Merges two data frames in the server-side — ds.merge • dsBaseClient

Merges (links) two data frames together based on common values in defined vectors in each data frame.

ds.merge(
  x.name = NULL,
  y.name = NULL,
  by.x.names = NULL,
  by.y.names = NULL,
  all.x = FALSE,
  all.y = FALSE,
  sort = TRUE,
  suffixes = c(".x", ".y"),
  no.dups = TRUE,
  incomparables = NULL,
  newobj = NULL,
  datasources = NULL
)

Arguments

x.name: a character string specifying the name of the first data frame to be merged. The length of the string should be less than the specified threshold for the nfilter.stringShort which is one of the disclosure prevention checks in DataSHIELD.
y.name: a character string specifying the name of the second data frame to be merged. The length of the string should be less than the specified threshold for the nfilter.stringShort which is one of the disclosure prevention checks in DataSHIELD.
by.x.names: a character string or a vector of names specifying of the column(s) in data frame x.name for merging.
by.y.names: a character string or a vector of names specifying of the column(s) in data frame y.name for merging.
all.x: logical. If TRUE then extra rows will be added to the output, one for each row in x.name that has no matching row in y.name. If FALSE the rows with data from both data frames are included in the output. Default FALSE.
all.y: logical. If TRUE then extra rows will be added to the output, one for each row in y.name that has no matching row in x.name. If FALSE the rows with data from both data frames are included in the output. Default FALSE.
sort: logical. If TRUE the merged result is sorted on elements in the by.x.names and by.y.names columns. Default TRUE.
suffixes: a character vector of length 2 specifying the suffixes to be used for making unique common column names in the two input data frames when they both appear in the merged data frame.
no.dups: logical. Suffixes are appended in more cases to avoid duplicated column names in the merged data frame. Default TRUE (FALSE before R version 3.5.0).
incomparables: values that cannot be matched. This is intended to be used for merging on one column, so these are incomparable values of that column. For more information see match in native R merge function.
newobj: a character string that provides the name for the output variable that is stored on the data servers. Default merge.newobj.
datasources: a list of DSConnection-class objects obtained after login. If the datasources argument is not specified the default set of connections will be used: see datashield.connections_default.

Value

ds.merge returns the merged data frame that is written on the server-side. Also, two validity messages are returned to the client-side indicating whether the new object has been created in each data source and if so whether it is in a valid form.

Details

This function is similar to the native R function merge. There are some changes compared with the native R function in choosing which variables to use to merge the data frames, the function merge is very flexible. For example, you can choose to merge using all vectors that appear in both data frames. However, for ds.merge in DataSHIELD it is required that all the vectors which dictate the merging are explicitly identified for both data frames using the by.x.names and by.y.names arguments.

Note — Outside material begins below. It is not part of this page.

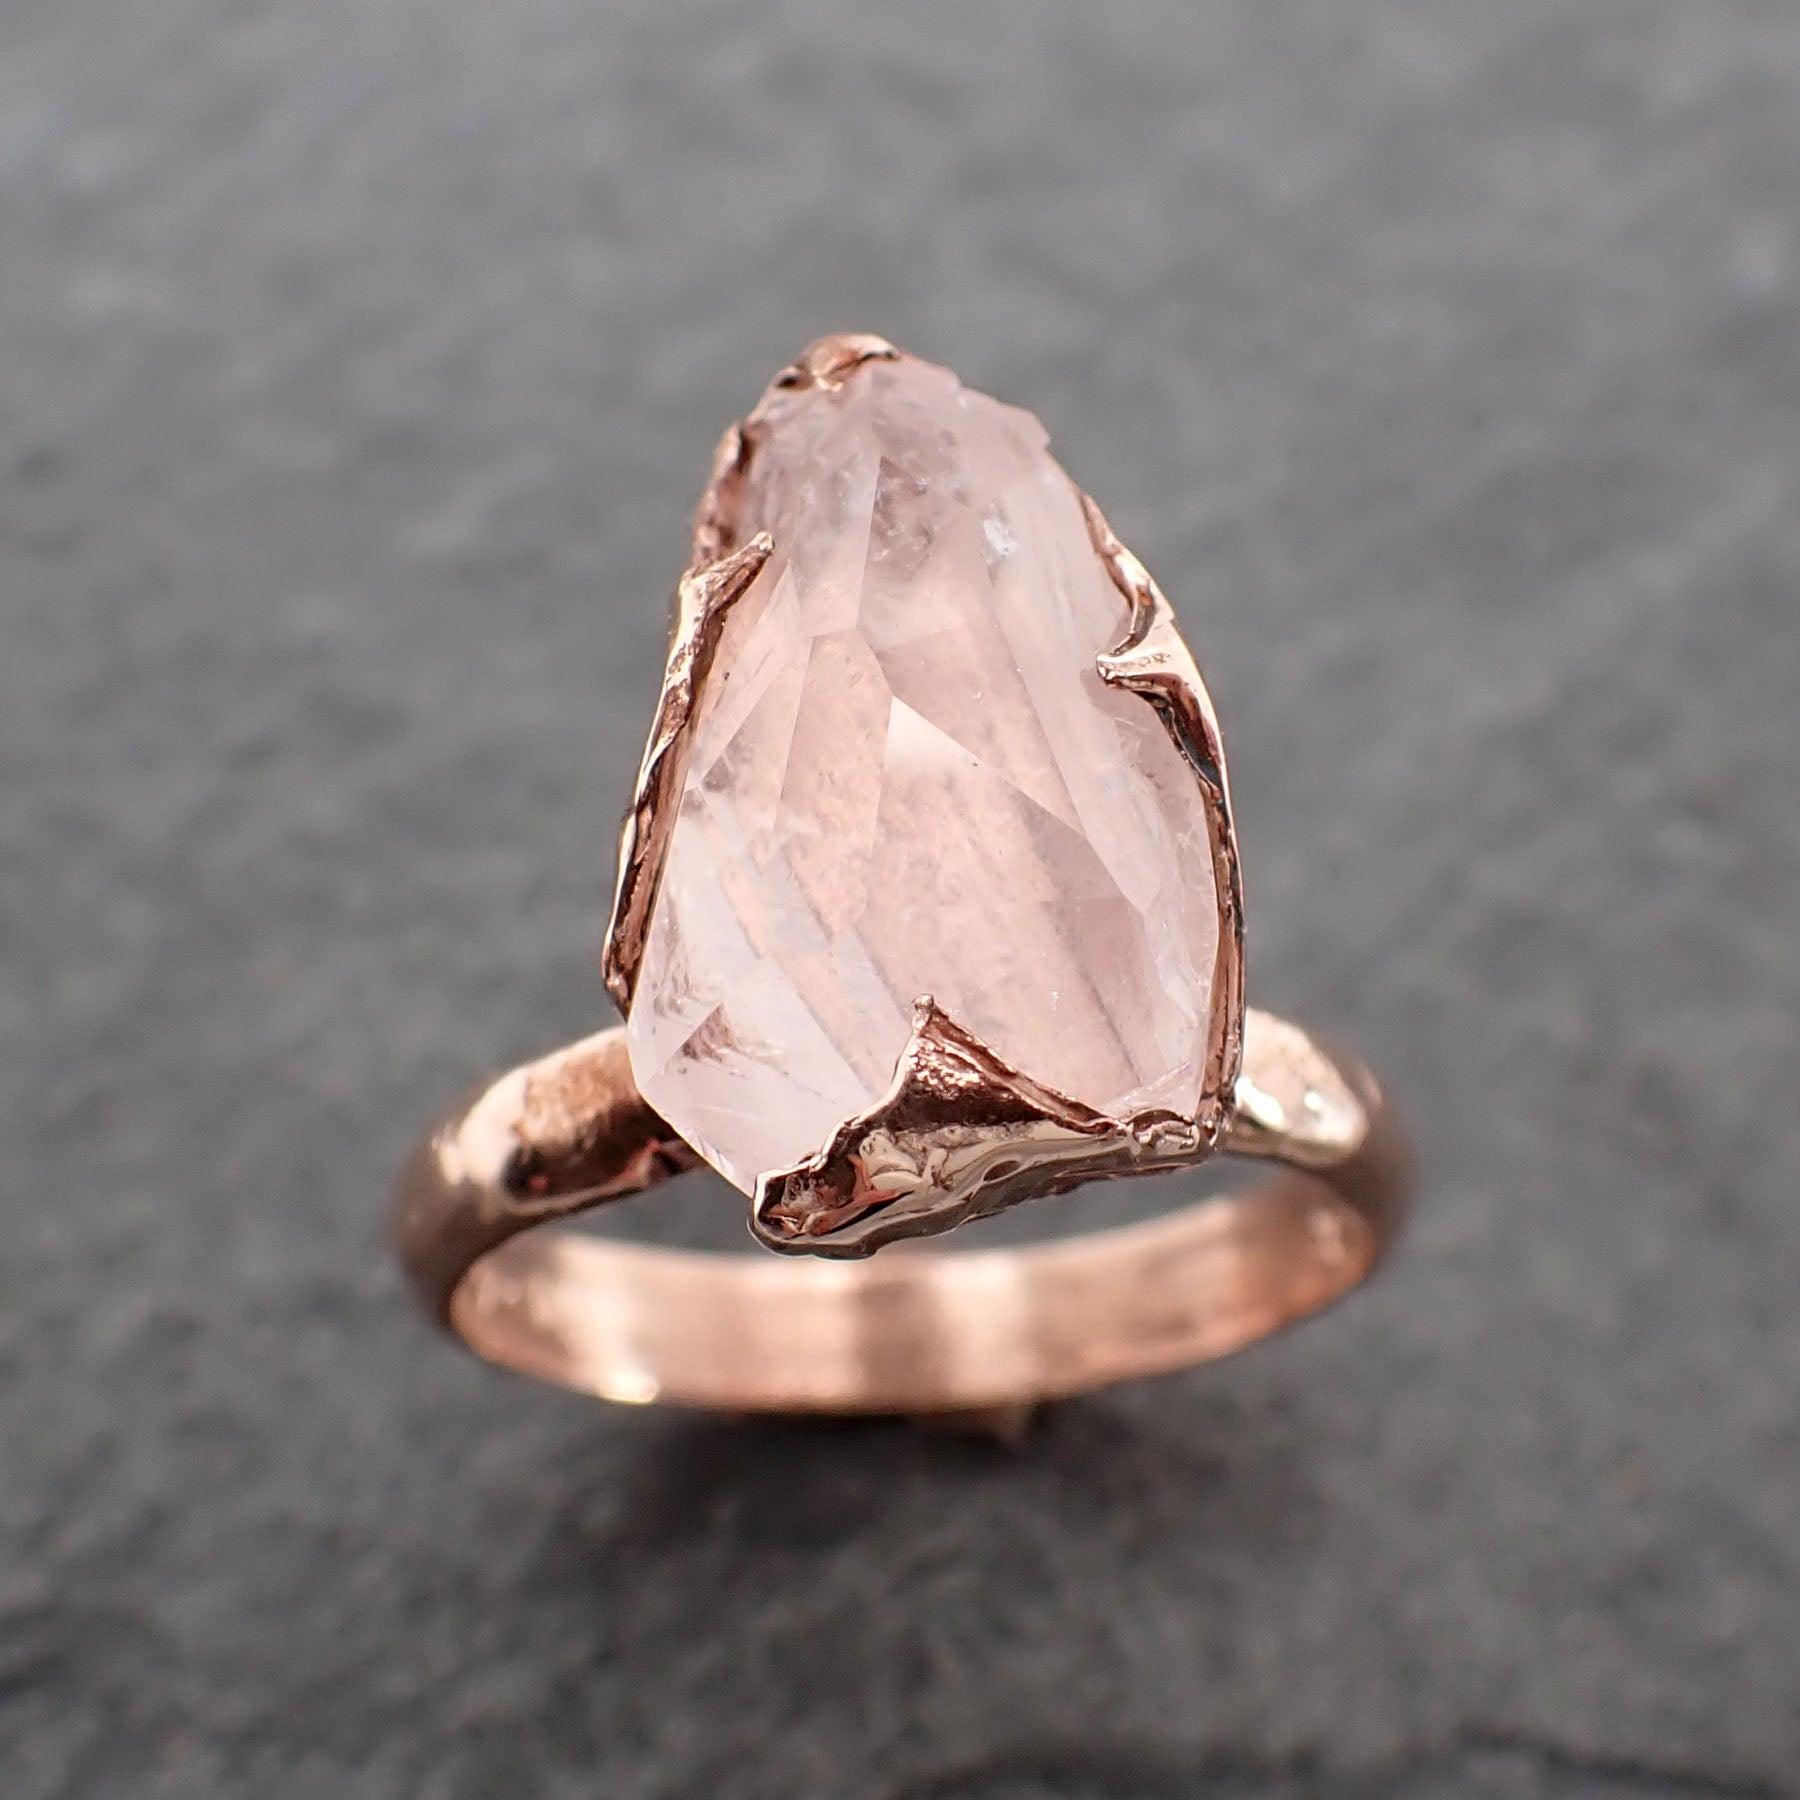 Morganite partially faceted 14k Rose gold solitaire Pink Gemstone Cocktail Ring Statement Ring gemstone Jewelry by Angeline 2498

Server function called: mergeDS

Author

DataSHIELD Development Team

Examples

if (FALSE) { # \dontrun{

 ## Version 6, for version 5 see the Wiki
  
  # connecting to the Opal servers

  require('DSI')
  require('DSOpal')
  require('dsBaseClient')

  builder <- DSI::newDSLoginBuilder()
  builder$append(server = "study1", 
                 url = "http://192.168.56.100:8080/", 
                 user = "administrator", password = "datashield_test&", 
                 table = "CNSIM.CNSIM1", driver = "OpalDriver")
  builder$append(server = "study2", 
                 url = "http://192.168.56.100:8080/", 
                 user = "administrator", password = "datashield_test&", 
                 table = "CNSIM.CNSIM2", driver = "OpalDriver")
  builder$append(server = "study3",
                 url = "http://192.168.56.100:8080/", 
                 user = "administrator", password = "datashield_test&", 
                 table = "CNSIM.CNSIM3", driver = "OpalDriver")
  logindata <- builder$build()
  
  connections <- DSI::datashield.login(logins = logindata, assign = TRUE, symbol = "D") 
  
  #Create two data frames with a common column
  
  ds.dataFrame(x = c("D$LAB_TSC","D$LAB_TRIG","D$LAB_HDL","D$LAB_GLUC_ADJUSTED"),
               completeCases = TRUE,
               newobj = "df.x",
               datasources = connections)
               
  ds.dataFrame(x = c("D$LAB_TSC","D$GENDER","D$PM_BMI_CATEGORICAL","D$PM_BMI_CONTINUOUS"),
               completeCases = TRUE,
               newobj = "df.y",
               datasources = connections) 
               
  # Merge data frames using the common variable "LAB_TSC"
               
  ds.merge(x.name = "df.x",
           y.name = "df.y",
           by.x.names = "df.x$LAB_TSC",
           by.y.names = "df.y$LAB_TSC",
           all.x = TRUE,
           all.y = TRUE,
           sort = TRUE,
           suffixes = c(".x", ".y"),
           no.dups = TRUE,
           newobj = "df.merge",
           datasources = connections)              
  
  # clear the Datashield R sessions and logout
  datashield.logout(connections)
} # }